Cost-effective, light-based monitoring of health of power lines


Researchers at IIT Madras have demonstrated that by using Raman thermometry on fibre optic cables, they can achieve monitoring of power transmission cables. Interestingly, they achieve this by using the optical fibres that are already embedded in the power cables for establishing optical communication. The work is part of a larger ongoing project on distributed fibre sensors and has been published recently in IEEE Sensors Journal.

Serendipity

The seeds of the idea were sown about ten years back when Balaji Srinivasan of the Department of Electrical Engineering at IIT Madras was approached by a company that planned to implement overhead power lines across the country. The company had an intriguing request. They wanted Prof. Srinivasan to certify that the glass fibre they were planning to include for communication purposes along with their power cables was indeed an optical fibre. Such optical fibres are traditionally incorporated in cables and buried underground. This could cost up to 80% of the total expense in setting up the communication system. The company had figured that they would save this cost by intertwining a hollow tube with the strands carrying the power lines, and in this hollow tube, they would incorporate the optical fibres – about 48-96 in number – in a hollow tube intertwined with power lines and thereby save the cost of digging tunnels to accommodate them.

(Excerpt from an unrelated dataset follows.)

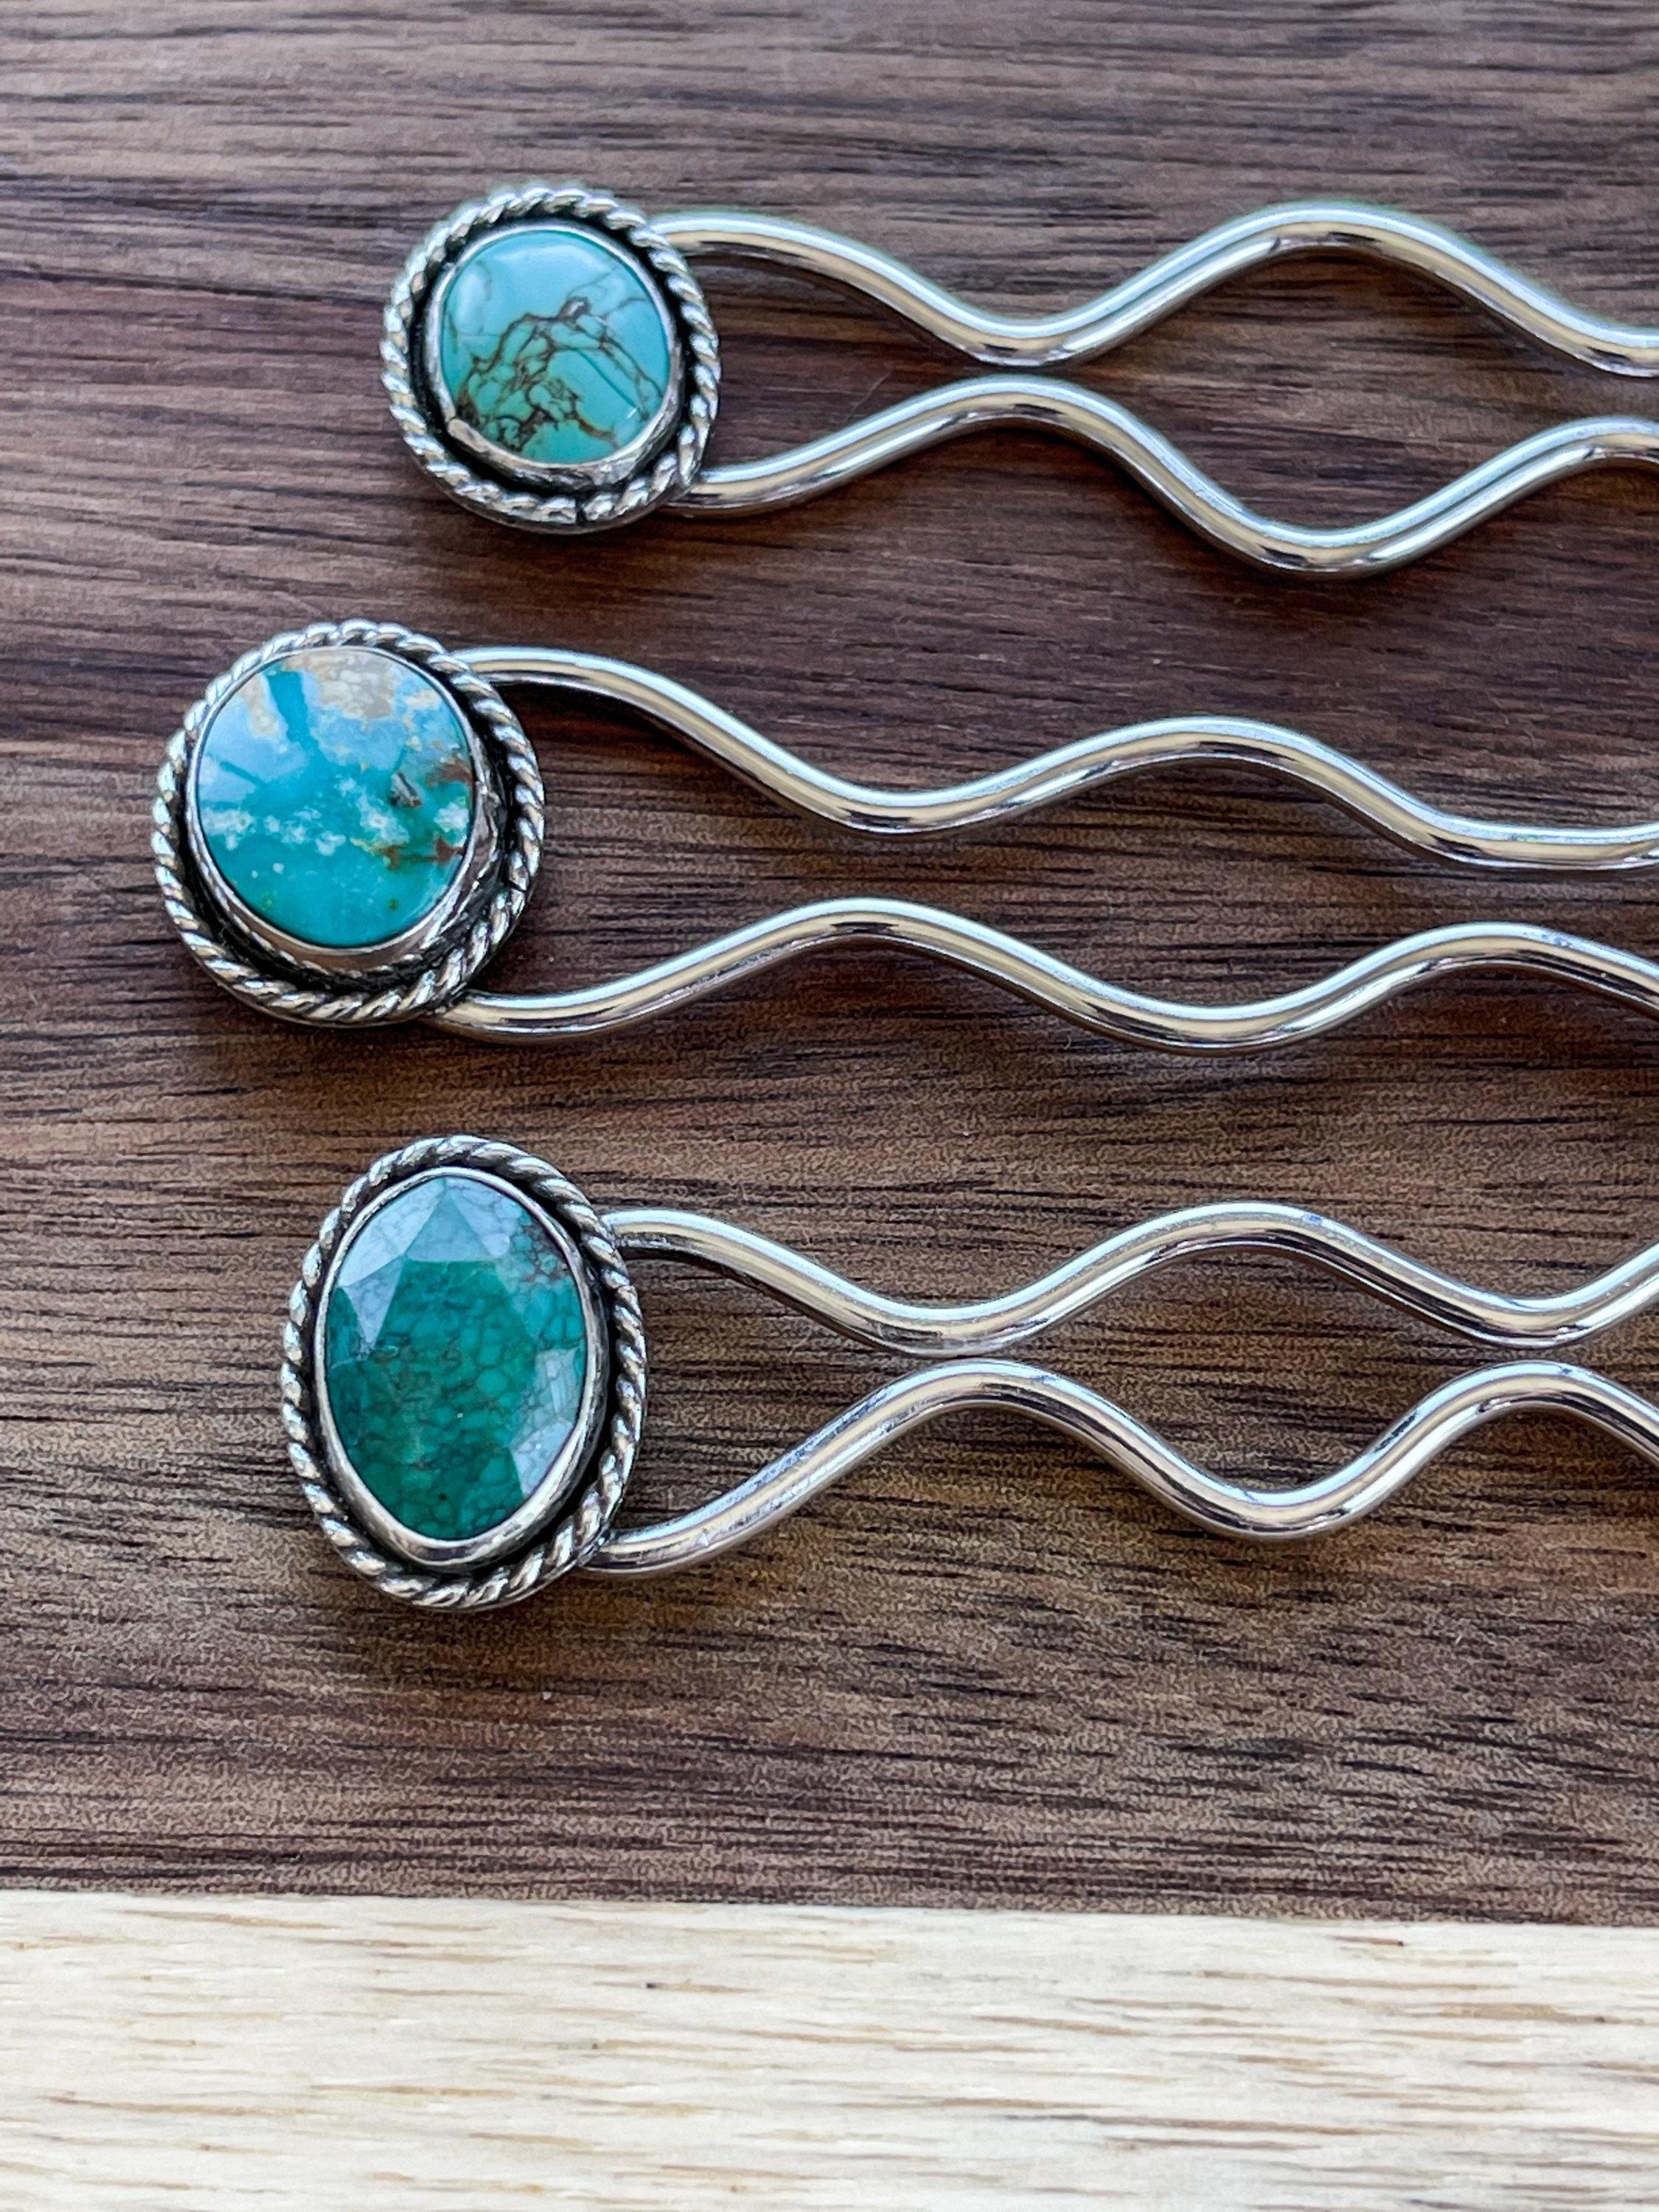 ---> The Haute Bohemian Jewelry Hair Accessories // Red River Turquoise Sterling Silver "Mini" Hair Fork/Pin 3 3/4” Accessoires Haaraccessoires Haarspelden 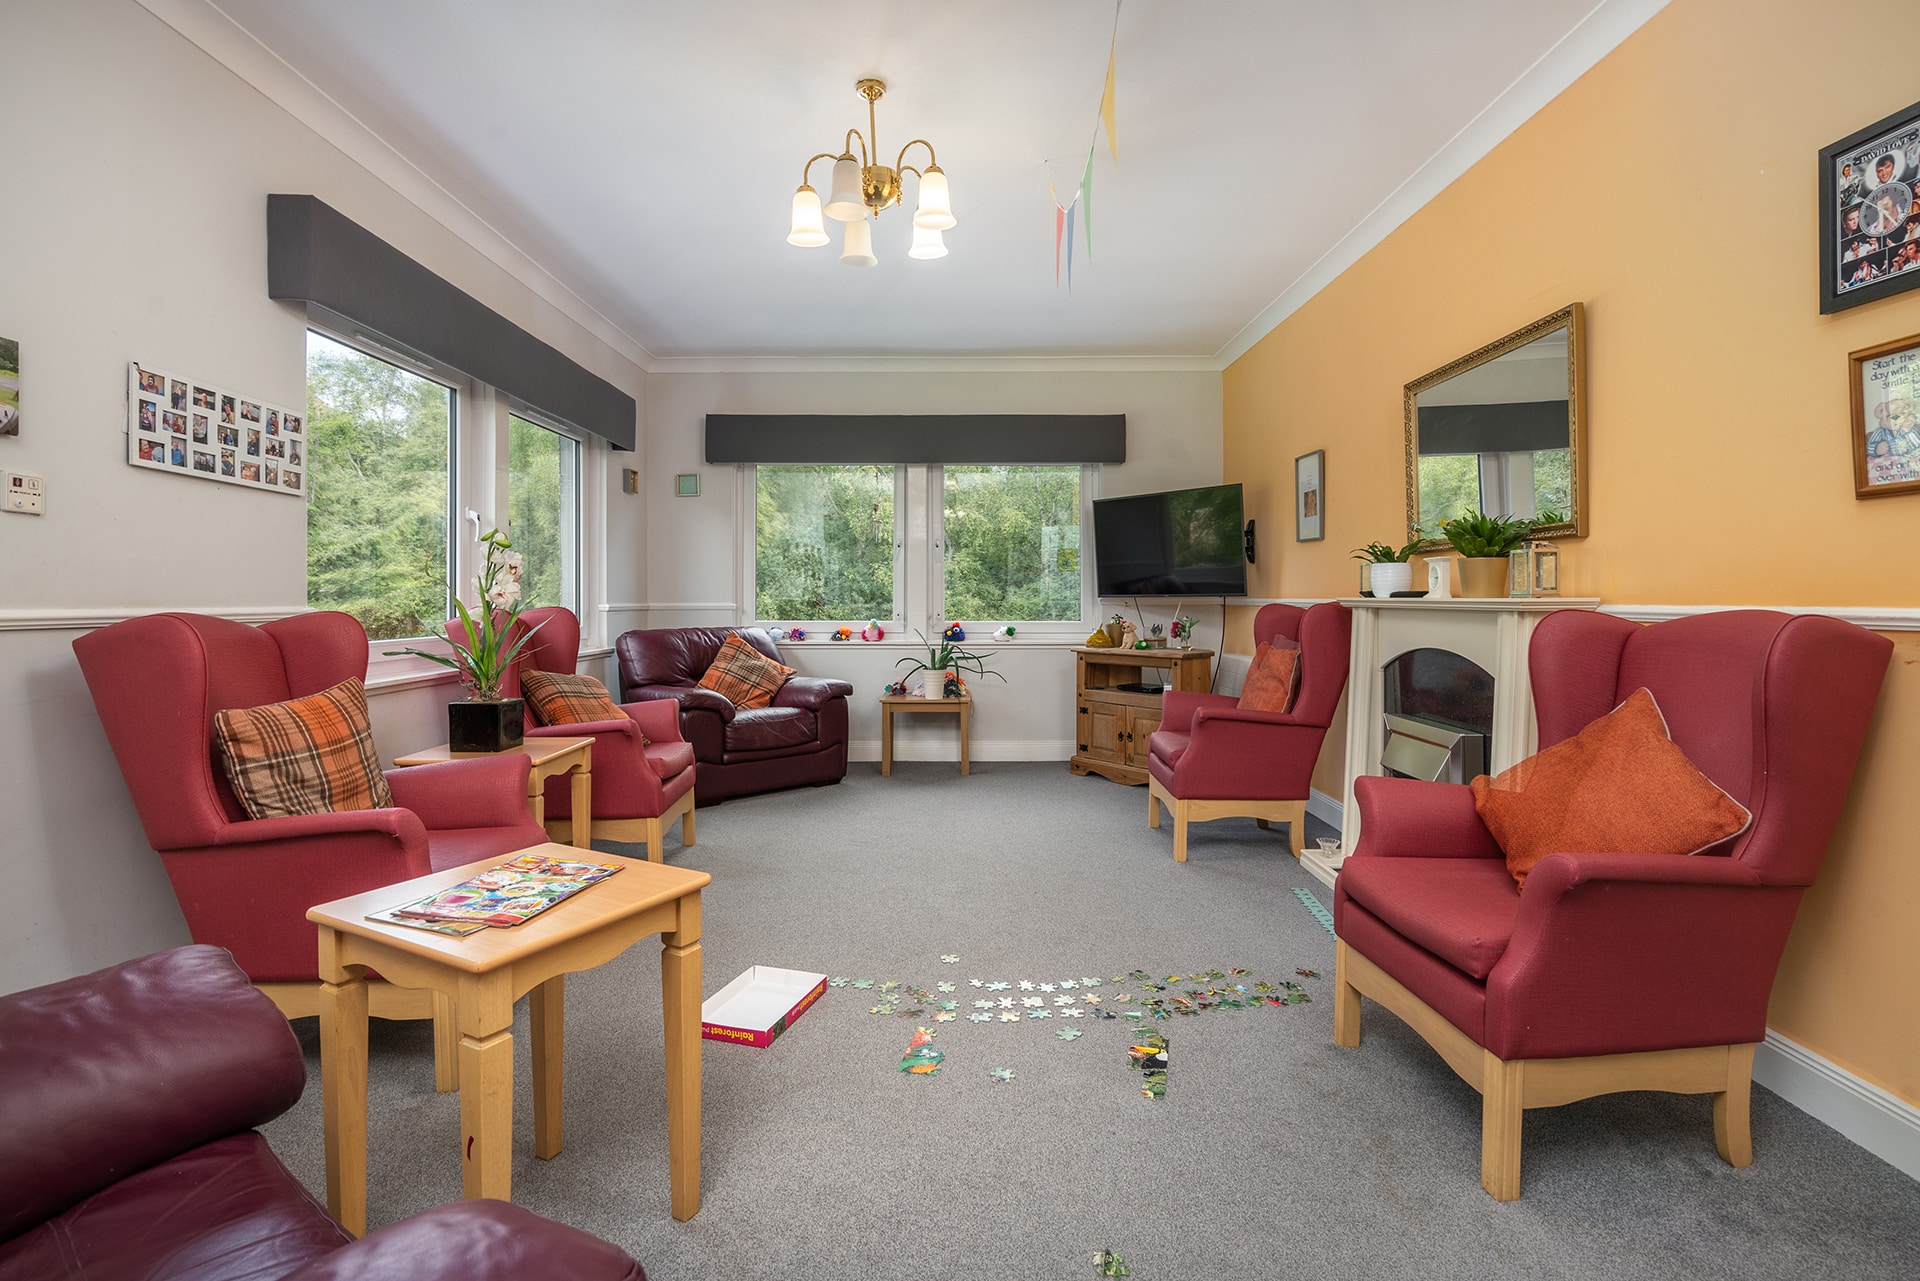 The spacious and personalised lounge situated on the Learning Disability Unit at Muirton House Care Home.

It was during this certification process that Prof. Srinivasan got the idea that one or two of the unused fibres could be used – owing to their proximity to the power cables – to keep tabs on the health of the power cables. This is based on the principle that any current flowing through a conductor would cause a temperature rise due to the Joule heating effect.

Raman effect

India’s first and so far only Nobel laureate in physics, C.V. Raman, won the prize for his discovery of Raman effect. This consisted of experimental observations on scattering of light. In the Raman effect, when light is scattered off an object, say a molecule, two bands are observed, with higher and lower frequency than the original light, called the Stokes and anti-Stokes bands, respectively. By studying the relative intensity of the two bands, it is possible to estimate the temperature of the object that scattered the light.

“The anti-Stokes component of Raman scattering is strongly dependent on the temperature that the material is subjected to. Thus, by measuring the intensity of the anti-Stokes scattered light we can estimate the temperature. This is Raman thermometry,” says Prof. Srinivasan.

He explains that the temperature measurement is performed in not just one location, but in a distributed manner using an optical fibre. To achieve this, a pulse of light is launched into the optical fibre and the backscattered radiation is observed. “The time of flight of the backscattered radiation provides an estimate of the distance from which the light is backscattered,This constitutes a distributed measurement as the pulse propagates all along the length of fibre,” he says. This can go up to tens of kilometre. This technique is married to Raman thermometry to get the results for actual measurements over tens of kilometres.

Cost-effective solution

Alternative methods of measuring the temperature of power cables include using a thermal camera to manually monitor their length, which is cumbersome. The present method devised by the team is both economical and provides real-time information.

Optical fibre-embedded power cables are already available across the country, but none of them are presently used for power monitoring. “We are presently working with a leading Indian power transmission and distribution company for implementing this technology,” says Prof. Srinivasan.

The team is exploring machine learning techniques to identify hotspots along the length of the cable with high accuracy. “Preliminary results show that our novel deep learning approach is able to provide enhanced temperature measurement accuracy as well as better spatial resolution compared to conventional filtering-based post-processing techniques,” he says.